Loft tenants call on Vito Lopez to close eviction loophole

Apartments for rent at 338 Berry Street. Photo: Max Seddon

At a public meeting tonight in Williamsburg, Assemblymember Vito Lopez and panelists from the city’s Department of Buildings and Loft Board will hear demands from tenants in Brooklyn and Queens who say a law he advanced two years ago to protect Brooklyn and Queens loft residents is now failing to protect them from eviction.

The meeting comes hours after Brooklyn appellate court judge Ariel E. Belen declined to rehear a recent Supreme Court decision ruling that the new law does not apply to anyone who had struck an earlier deal with a landlord to live in a commercial space.

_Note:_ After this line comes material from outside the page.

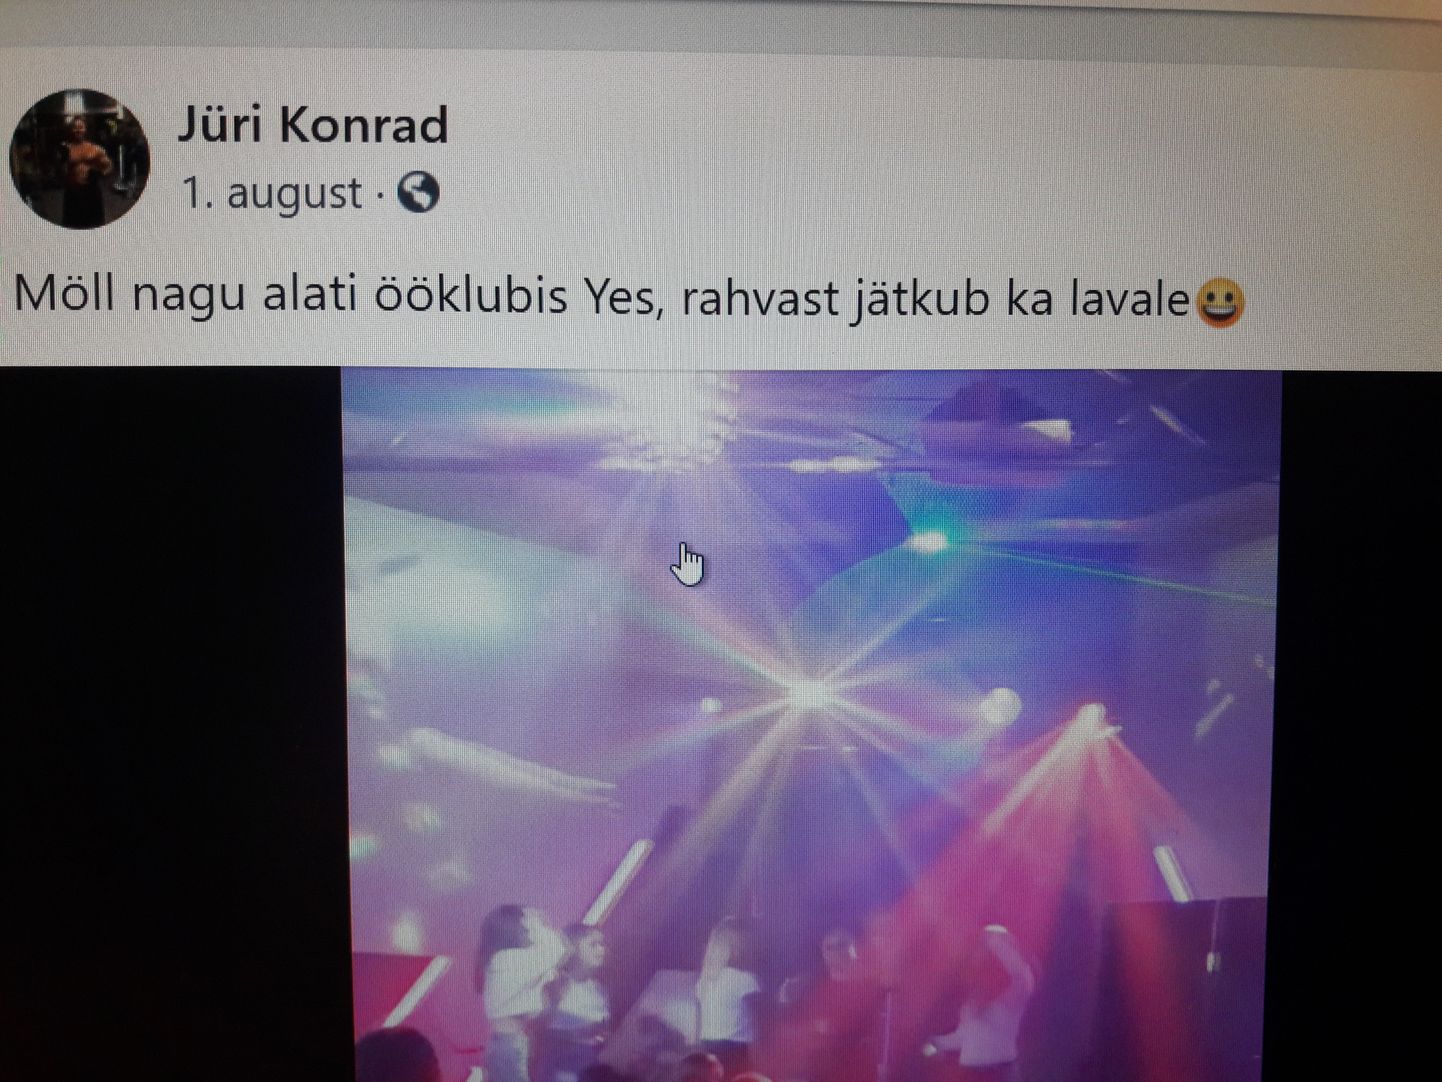 Jüri Konrad on ise 1. augustil teinud Facebooki postituse, milles märgib, et tema ööklubis käib möll ja rahvast jätkub ka lavale.

The judge’s ruling leaves ten households in one building alone on the brink of eviction. Among them are David Opdyke and his wife, Kimberlae Saul, who had hoped the law would allow them to hold on to the apartment they had carved out of a former noodle factory. Starting more than a decade ago, they set up walls, gutted the plumbing and remodeled the kitchen. In 2003, they signed a stipulation in which their landlord agreed to let them continue to live in the space, as long as they vacated by the end of March 2011.

Tenants in two other nearby buildings have also reportedly been told by judges that their agreements with landlords override any rights the loft law may have given them.

“There are no impediments now for them to start their paperwork,” laments Opdyke. “It’s a matter of weeks and then the sheriffs show up and put padlocks on your door.”

Hundreds of industrial buildings in north Brooklyn and Western Queens are covered by a 2010 expansion of the state loft law, sponsored by Lopez, that allows tenants to legally reside in industrial spaces under certain circumstances. Previously, such protections only applied to lofts in lower Manhattan.

Some tenants say they intend to ask Lopez tonight to push explicit language that states the law overrides any previous leases or stipulations.

Jonathan Harkavy, chief of staff for Lopez, said tonight’s meeting will be about identifying unintended consequences of the law, prioritizing the concerns of the residents and later developing a lobbying strategy.

He said the legislature had every intention of protecting tenants like Opdyke and Saul in the 2010 law. “How do you forecast every different scenario?” he asked. “It was the intent of the law when we put in that language to cover it, and one judge interpreted it one way.”

At first everything for the Berry Street tenants went as the new law appeared to promise. In December 2010, the building’s new landlord began eviction proceedings. Five days later, a dozen households filed for protection under the loft law and countered that they now had a right to stay.

Brooklyn Supreme Court State judge Bert Bunyan initially ruled that no eviction would occur until the Loft Board made a decision on the application for residential conversion. But before the Loft Board could act, the landlord refiled the eviction case, and earlier this month Judge Bunyan decided that it could proceed.

David Frazer, Opdyke’s attorney, said residents without a past deal with their landlords are now in a better spot than his clients.

“The irony here is there are a number of other tenants who never signed the stipulation will be protected under the loft law,” he said.

Tenants who aren’t burdened by past agreements with their landlords say the law has worked well so far. Gordon Woodhull, one of the organizers of the group New York City Loft Tenants, says he was not only able to stay in his Williamsburg home thanks to the loft law expansion but is now living in much better circumstances. He said before then, he felt like he never could approach his landlord for minor fixes, like a clogged drain, or major ones, like when his apartment flooded two years ago.

“I wanted to get some tenant rights and fix some things,” he said. “Just being able to tell him I would consider taking him to court makes a difference.”

Some tenants protected by the new law are also feeling emboldened to press Lopez for reductions in rent increases allowed as landlords renovate the spaces during residential conversions.

“Our landlord has just raised and raised the rent,” said Mark Gering, who has lived on Cook Street for the last 18 years. “We can’t pay for it. This would put a stop to that.”

Once conversions are complete, the loft tenants are covered by rent regulations that allow for limited rent increases and allow for continued lease renewals.

Loft tenants are counting on Lopez, without a lot of outside support. The Bloomberg administration and Brooklyn Councilmember Diana Reyna both objected to the Assembly’s loft law expansion, which they warned would encourage building owners to convert manufacturing spaces still active and employing people in the area into higher-priced luxury housing.

Councilmember Erik Dilan will also be on tonight’s panel, which is co-hosted by Councilmember Stephen Levin.